「ここにもはっておぼえなきゃ!」
我が家にはたくさんの押しピンの穴の数がある。
娘が受験勉強のために単語や公式などを用紙に書き出し、いつでも見て覚えられるようにと、壁のあちらこちらに貼り付けたあとだ。
家のメンテナンスや景観を考慮すると、避けてほしかった気持ちもあるが、「合格」という文字に家族一丸となって突き進むには、大切な「家」に少し痛い思いをさせてしまった。
押しピンの穴の数がふえるたびに「家さん、ごめんね」といいながら、貼りつけていく娘。
公式や単語を覚える声だけが響く毎日。
時に親子喧嘩や受験のイライラをどこにも吐くことができず、壁にド~ンと手で当たることもあった。少し壁がへこんだところもある。さぞ、いたかったことであろう。

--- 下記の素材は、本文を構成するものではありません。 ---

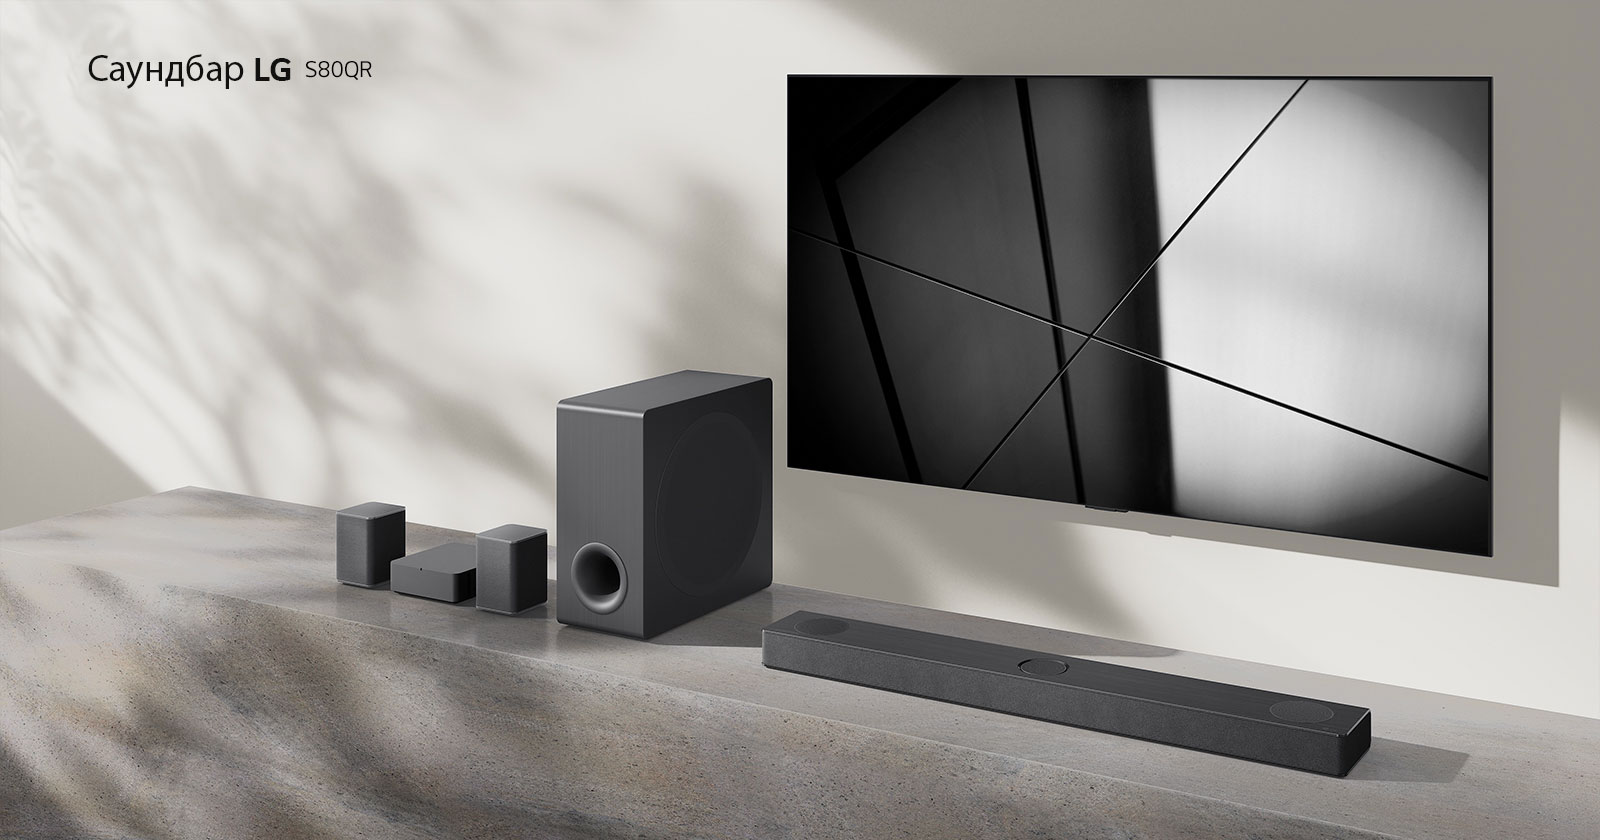 Саундбар LG S80QY и телевизор LG са поставени заедно във всекидневната. Телевизорът е включен и показва черно-бяло изображение.
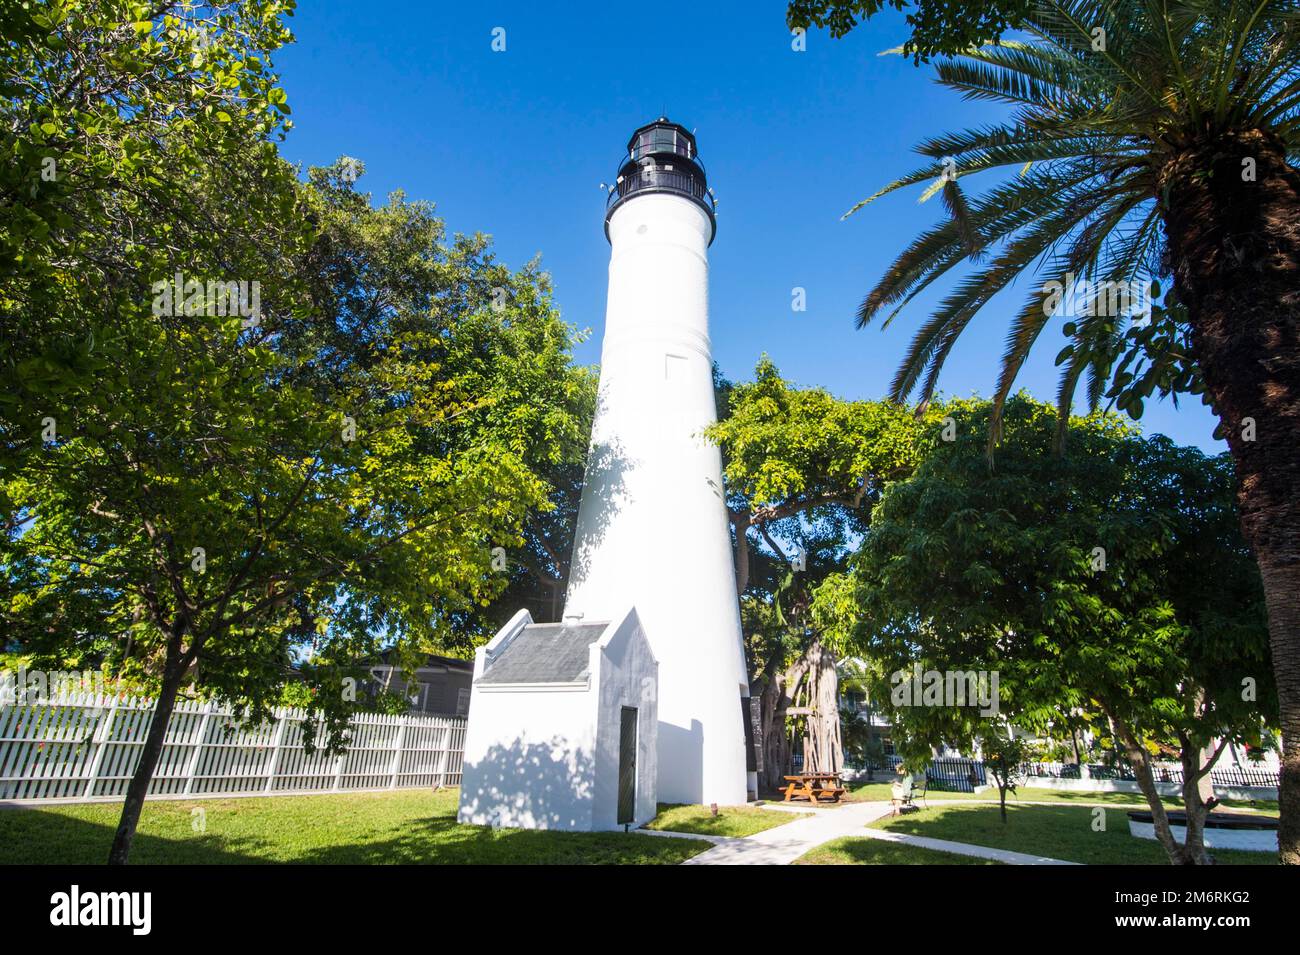 Key west lighthouse, Key West, Florida, USA Stock Photo

それなのに、家は、どんなに深く、どんなに無数に穴をあけられても、いつも私たち家族を温かく包んでくれた。「ただいま」と帰宅すると、我が家だけの優しい香りの空気を、家が発してくれていた。
とうとう受験当日。
だれもがピーンと張り詰めた緊張の中、娘はこれまでのたくさんの壁の押しピンの穴をさすりながら、「これまでありがとう!いってきます」と声をかけた。
わかっていたんだ。
家も一緒になって自分の苦しみも努力もみ守っていてくれたことを。
しばらくして、「サクラ咲く」の合格切符が届いた。
娘はまっ先に壁の押しピンの穴たちに、「表彰状!あなたたちは、私の受験勉強を見事に支えてくれました。ここに表します。感謝」と合格通知を見せていた。
家は人の心を支え、家族の心を一つにする不思議なパワーがある。
これからも私たちらしい家の歴史を刻んでゆきたい。